Summary of the changes / Why this is an improvement

Checklist

Link to issue this PR refers to (if applicable): Fixes #???

jeeminso · 2025-06-03T16:12:29Z

tests/bwc/test_rolling_upgrade.py

+            # Set up tables for logical replications
+            if int(path.from_version.split('.')[0]) >= 5 and int(path.from_version.split('.')[1]) >= 10:
+                c.execute("create table doc.x (a int) clustered into 1 shards with (number_of_replicas=0)")
+                expected_active_shards += 1
+                c.execute("create publication p for table doc.x")
+                with connect(replica_cluster.node().http_url, error_trace=True) as replica_conn:
+                    rc = replica_conn.cursor()
+                    rc.execute("create table doc.rx (a int) clustered into 1 shards with (number_of_replicas=0)")
+                    rc.execute("create publication rp for table doc.rx")
+                    rc.execute(f"create subscription rs connection 'crate://localhost:{cluster.node().addresses.transport.port}?user=crate&sslmode=sniff' publication p")
+                    wait_for_active_shards(rc)
+                c.execute(f"create subscription s connection 'crate://localhost:{replica_cluster.node().addresses.transport.port}?user=crate&sslmode=sniff' publication rp")
+                wait_for_active_shards(c)

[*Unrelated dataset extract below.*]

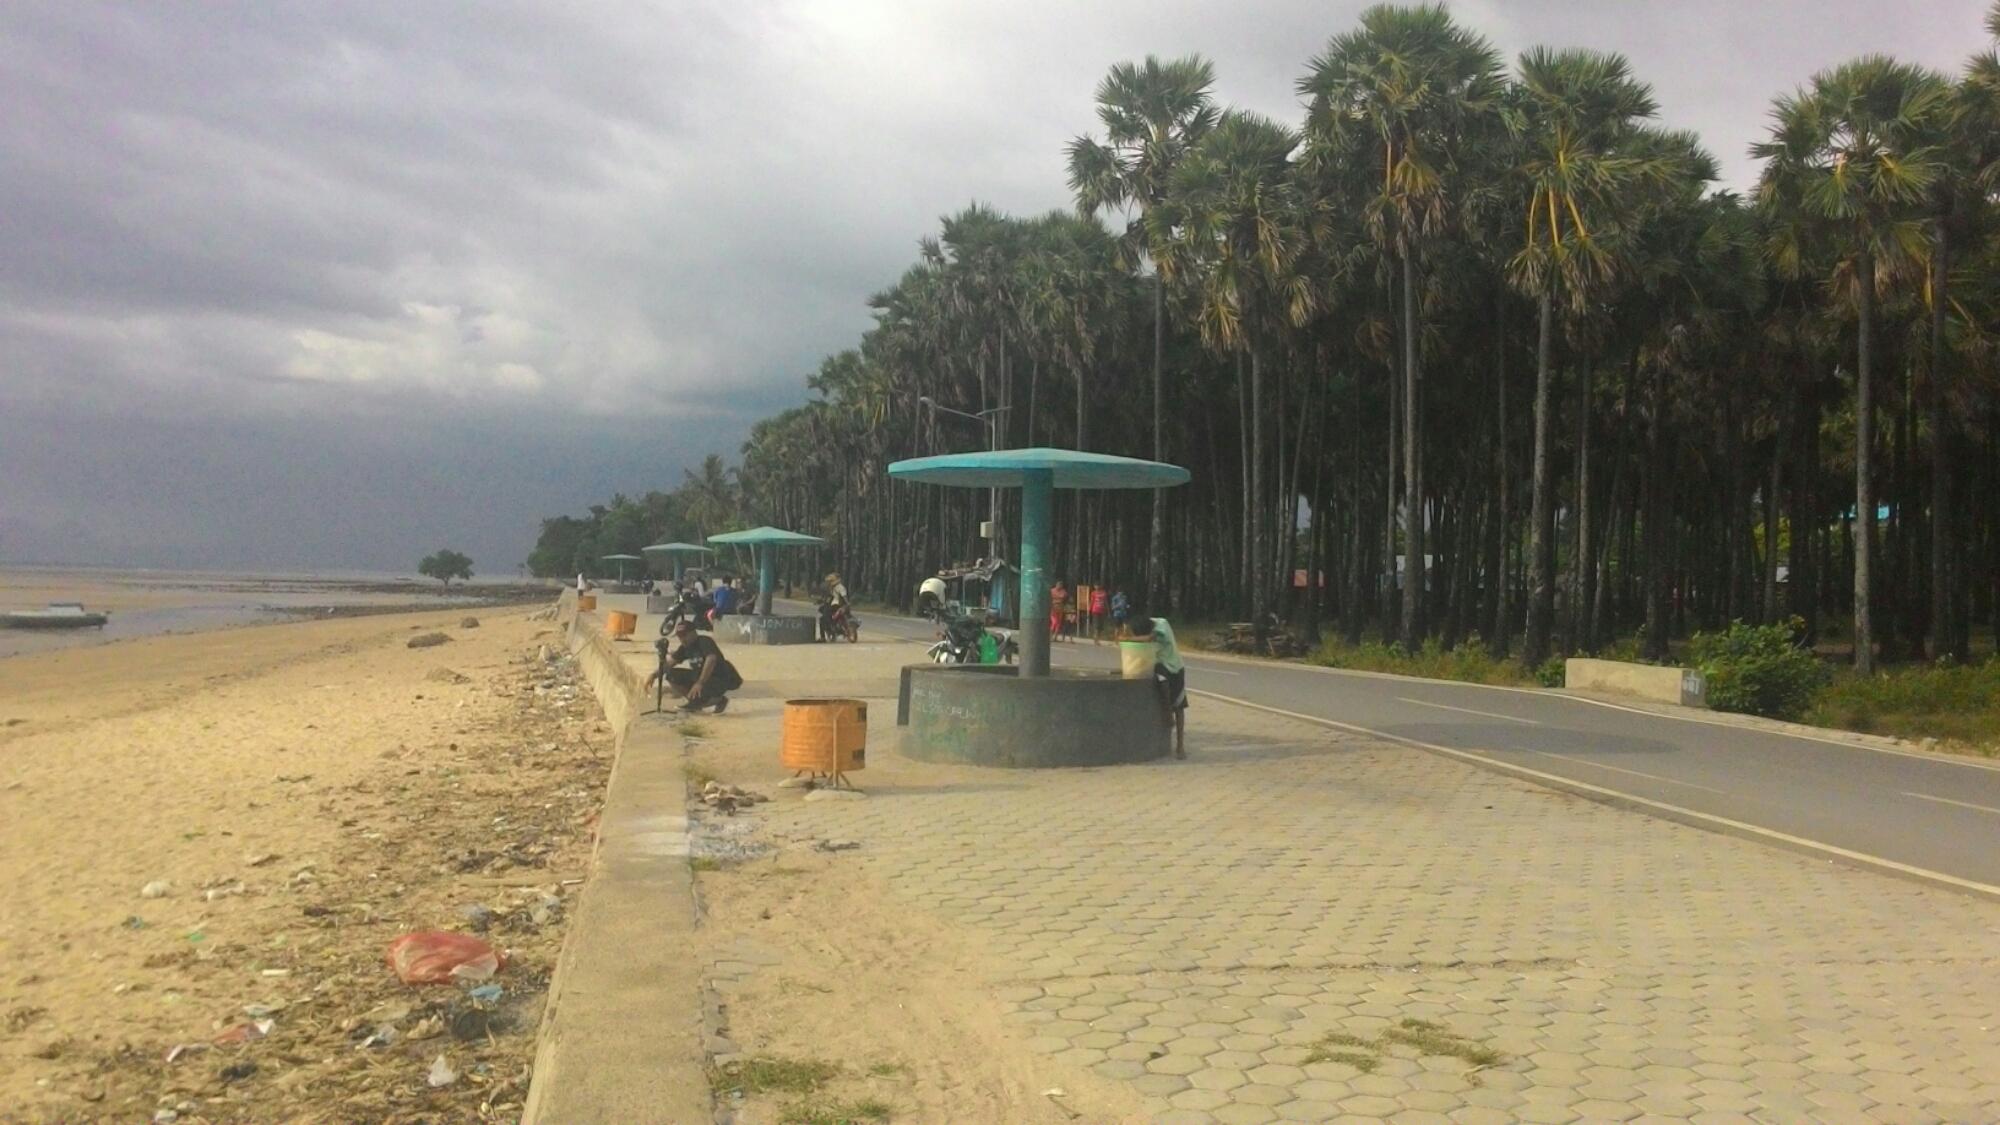 Dua Pantai Tetangga Duc Altum Nunsui Pinggir Jalan Kab Kupang

If I remove the calls to wait_for_active_shards and move onto rolling upgrades immediately, I observe unexpected behaviours like UnavailableShardsException or the number of rows replicated do not add up correctly. But to my knowledge, users are recommended to wait for active shards before upgrading, so this is not an issue?

tests/bwc/test_rolling_upgrade.py

jeeminso · 2025-06-05T02:20:51Z

tests/bwc/test_rolling_upgrade.py

+                        c.execute("insert into doc.x values (1)")
+                        rc.execute("insert into doc.rx values (1)")
+
+                        rc.execute("select count(*) from doc.x")


crate.client.exceptions.ProgrammingError: RelationUnknown[Relation 'doc.x' unknown] io.crate.exceptions.RelationUnknown: Relation 'doc.x' unknown at io.crate.exceptions.RelationUnknown.of(RelationUnknown.java:46)

Guessing it means that the DROP stmt succeeded, looking into it.

jeeminso · 2025-06-05T23:11:20Z

The first commit tests LR during rolling upgrade 5.10 > jeeminso/temp and the second commit tests 5.10 > branch:master where the first passes and the second fails indicating that there is a regression caused by crate/crate#17960.

Logs from the first commit: https://jenkins.crate.io/job/CrateDB/job/qa/job/crate_qa_on_pr/675/execution/node/191/log/
Logs for the second commit: https://jenkins.crate.io/job/CrateDB/job/qa/job/crate_qa_on_pr/676/execution/node/198/log/

Hi @seut could you take a look? BTW, this problem is intermittent especially when tried to reproduce manually.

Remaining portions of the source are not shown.